Copy out the data below from the line containing "Merton L. Gershun" to the line containing "Transforming a piece", both lines included, with all images left out.

*** MATERIAL TO PROCESS Section Begins ***

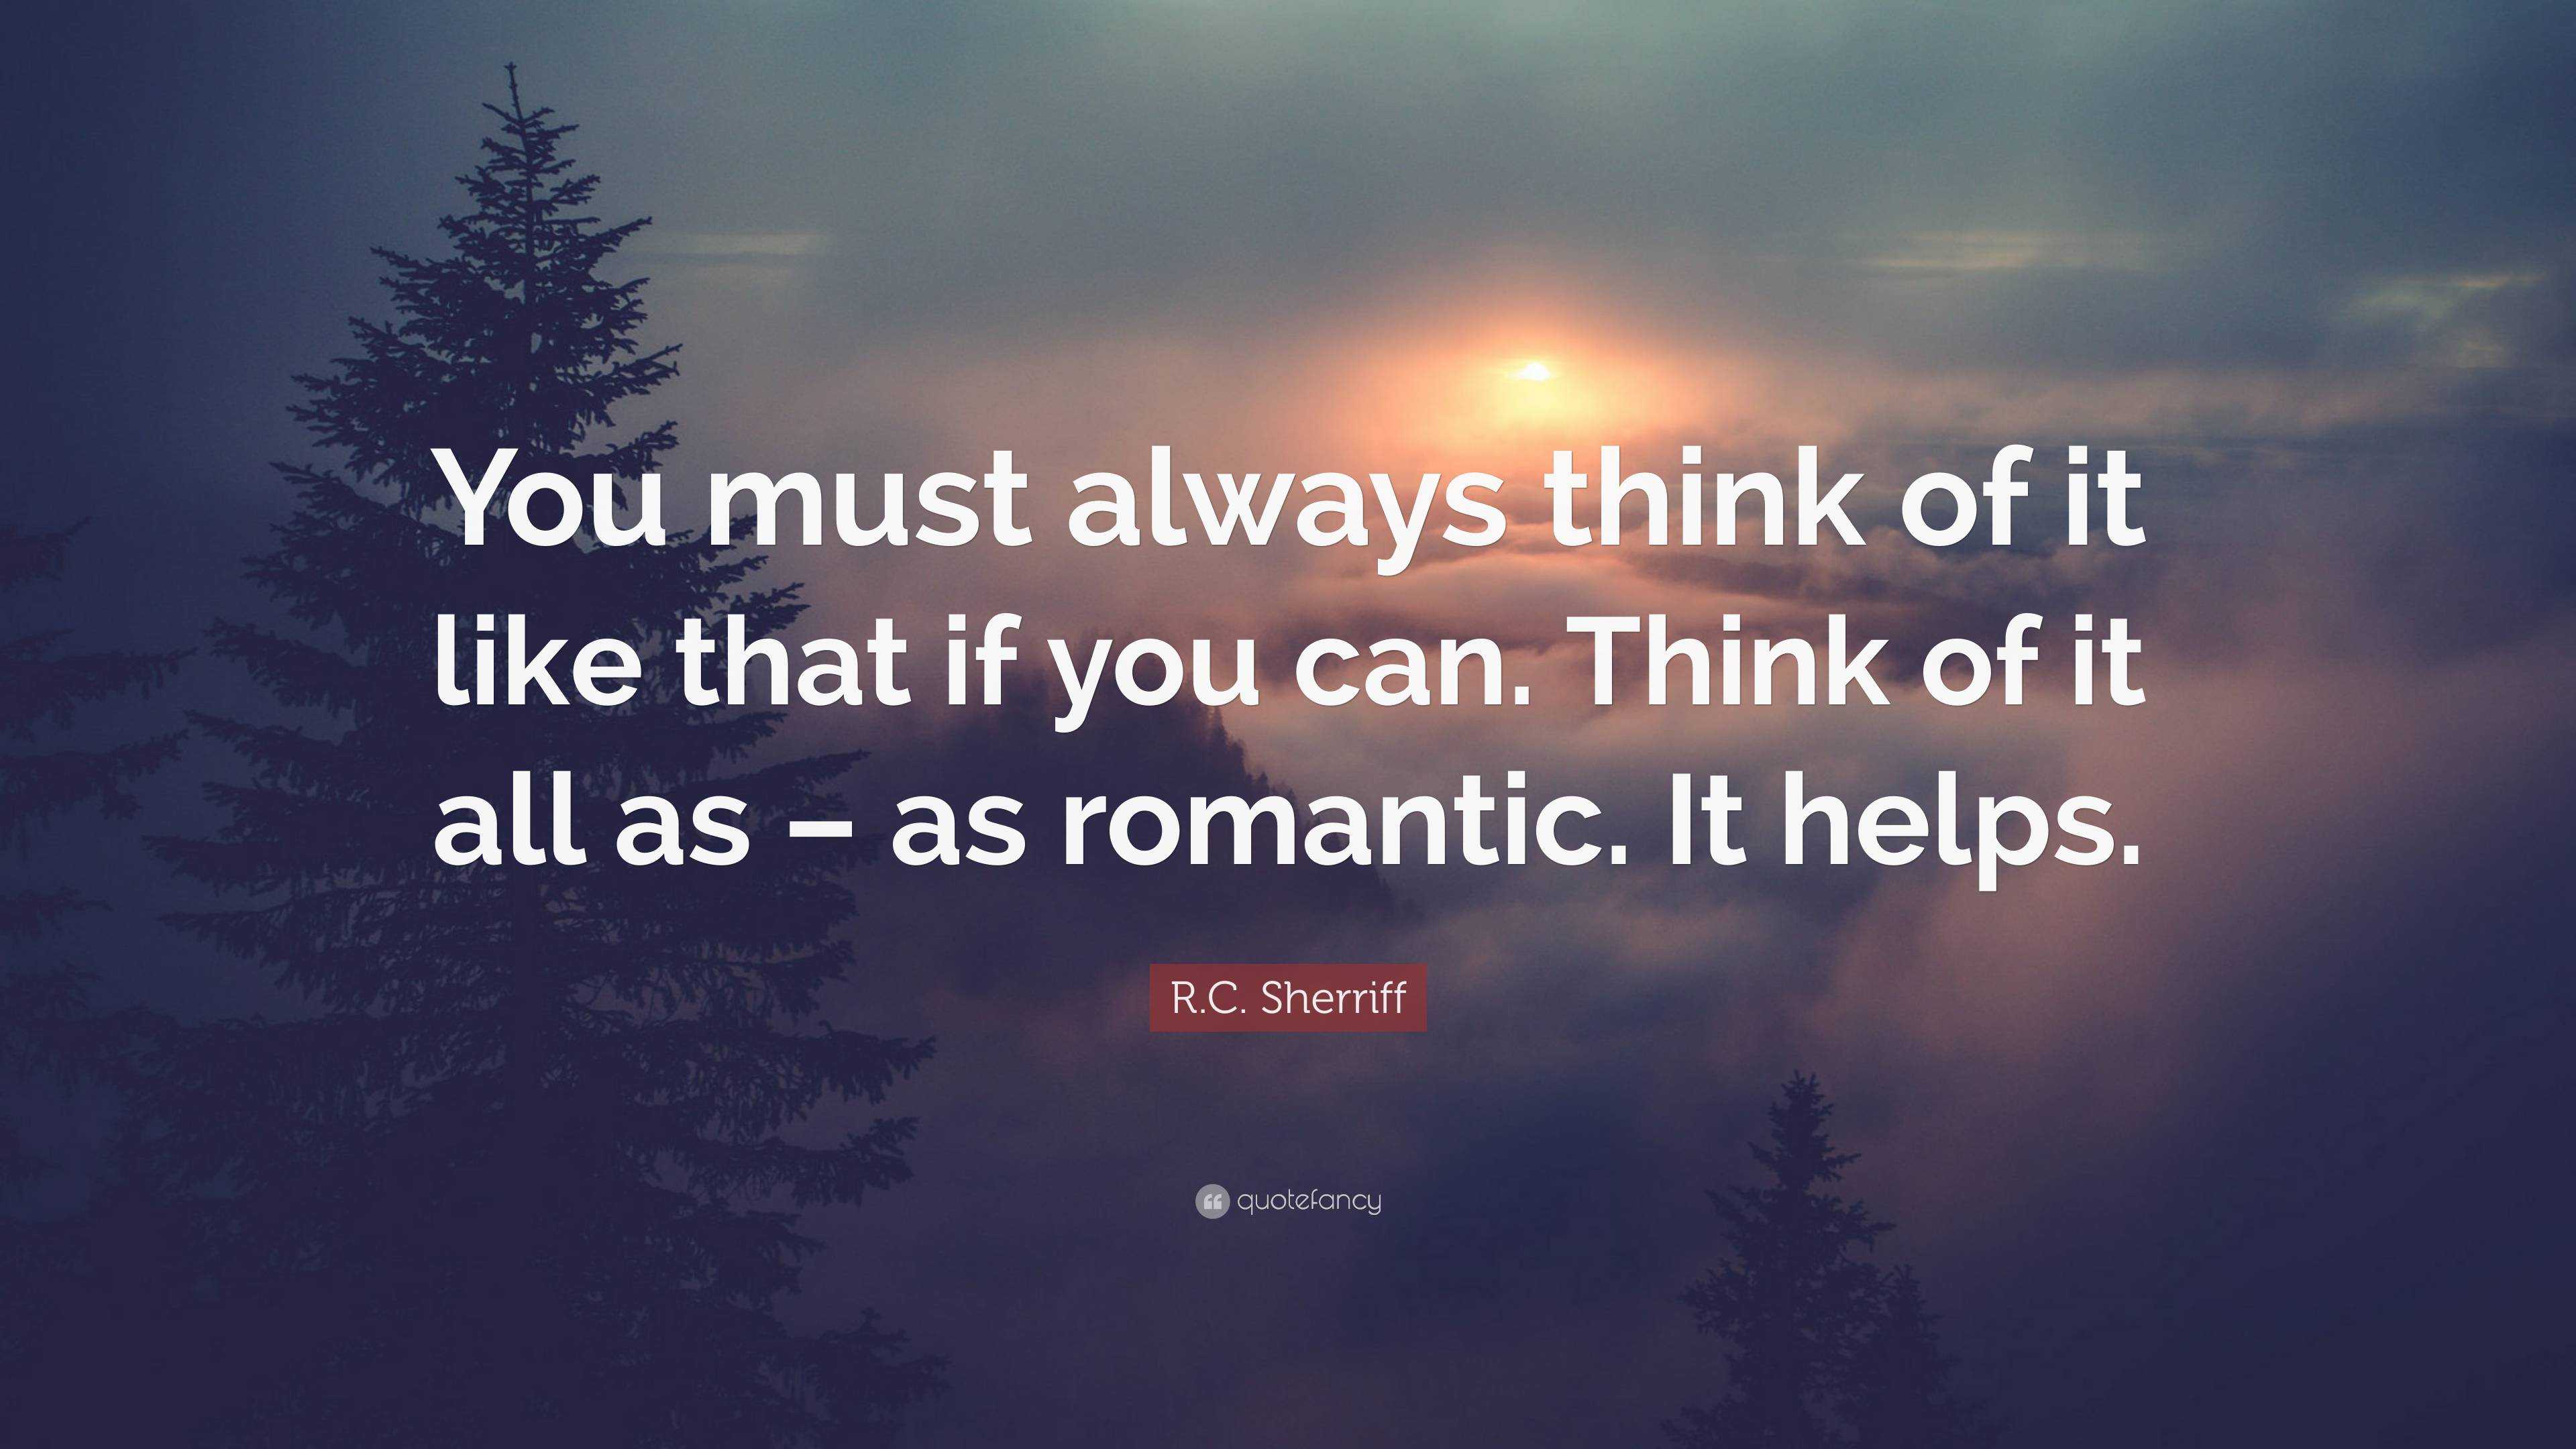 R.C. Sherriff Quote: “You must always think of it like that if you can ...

*** MATERIAL TO PROCESS Section Ends ***
*** MATERIAL TO PROCESS Section Begins ***

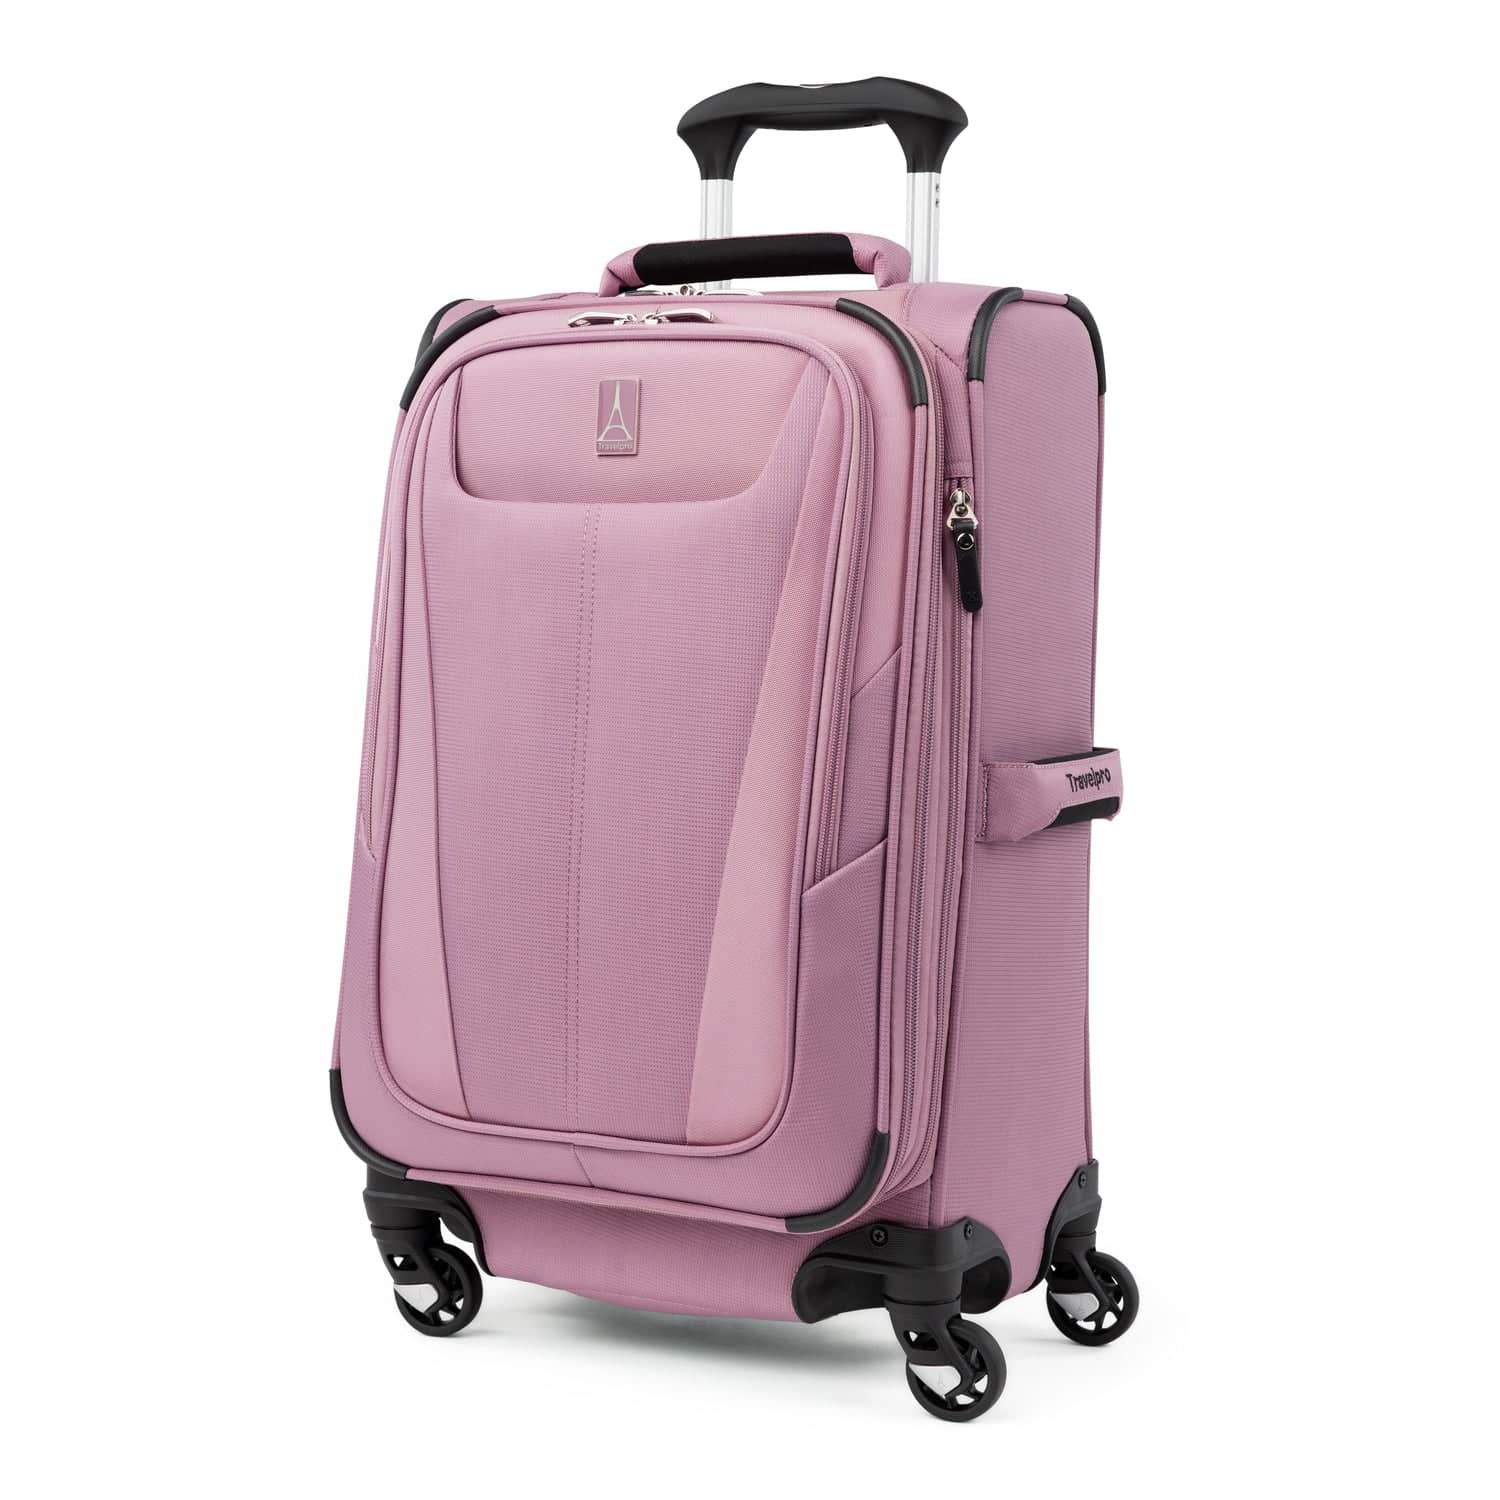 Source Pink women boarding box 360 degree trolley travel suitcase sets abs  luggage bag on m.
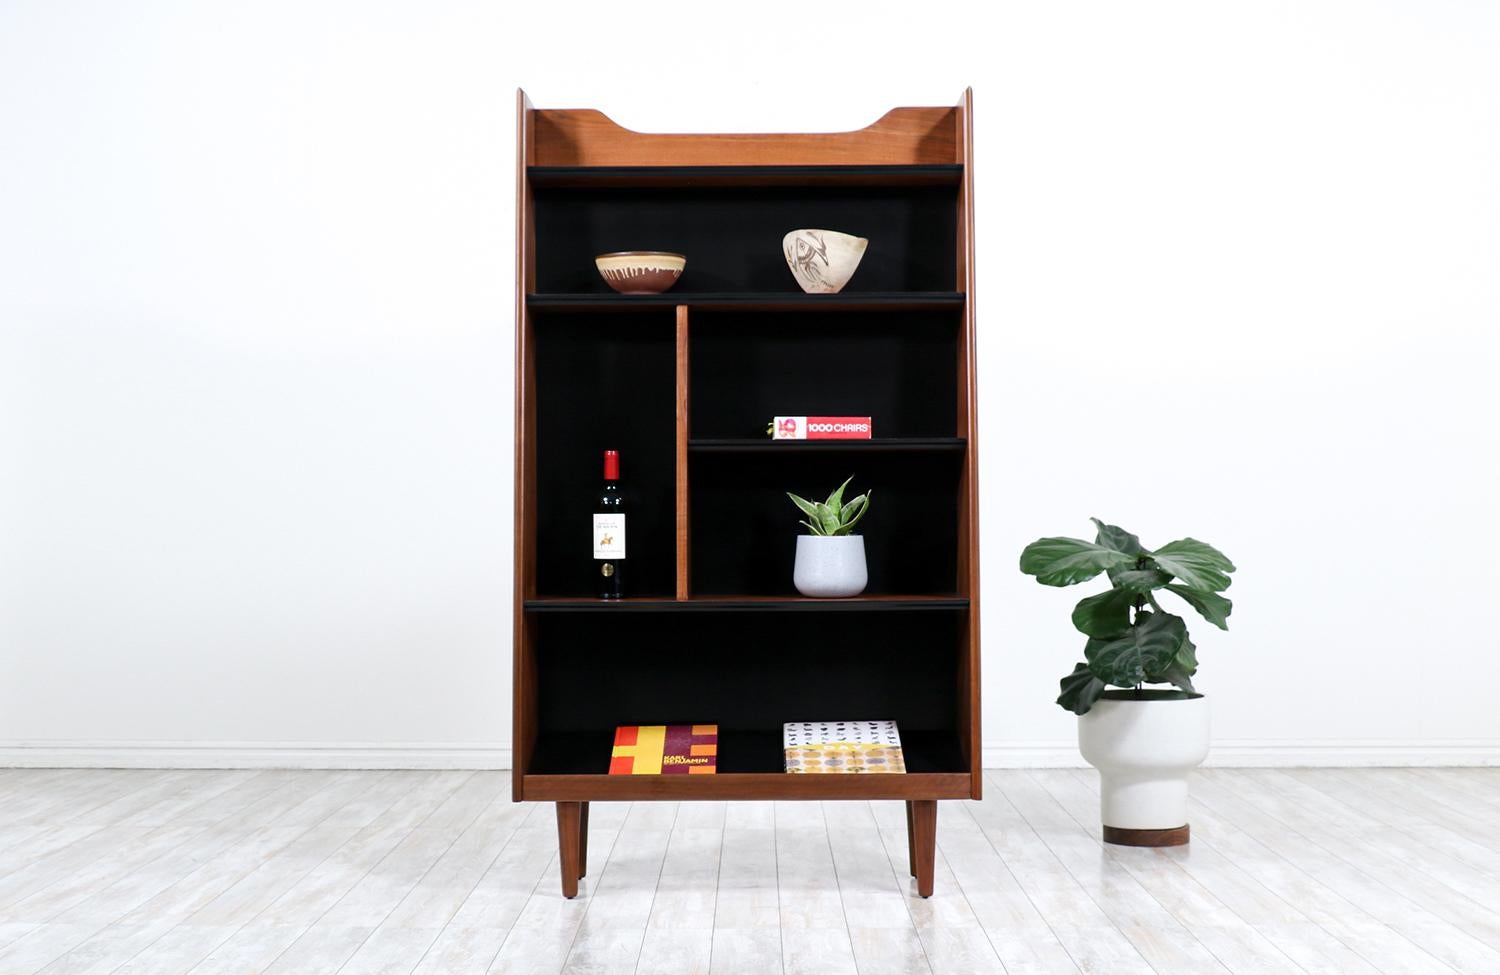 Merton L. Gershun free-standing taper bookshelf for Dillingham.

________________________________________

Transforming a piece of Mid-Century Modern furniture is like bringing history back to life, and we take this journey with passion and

*** MATERIAL TO PROCESS Section Ends ***

● **ANSWER TO THE PROBLEM**
 Merton L. Gershun free-standing taper bookshelf for Dillingham.

________________________________________

Transforming a piece of Mid-Century Modern furniture is like bringing history back to life, and we take this journey with passion and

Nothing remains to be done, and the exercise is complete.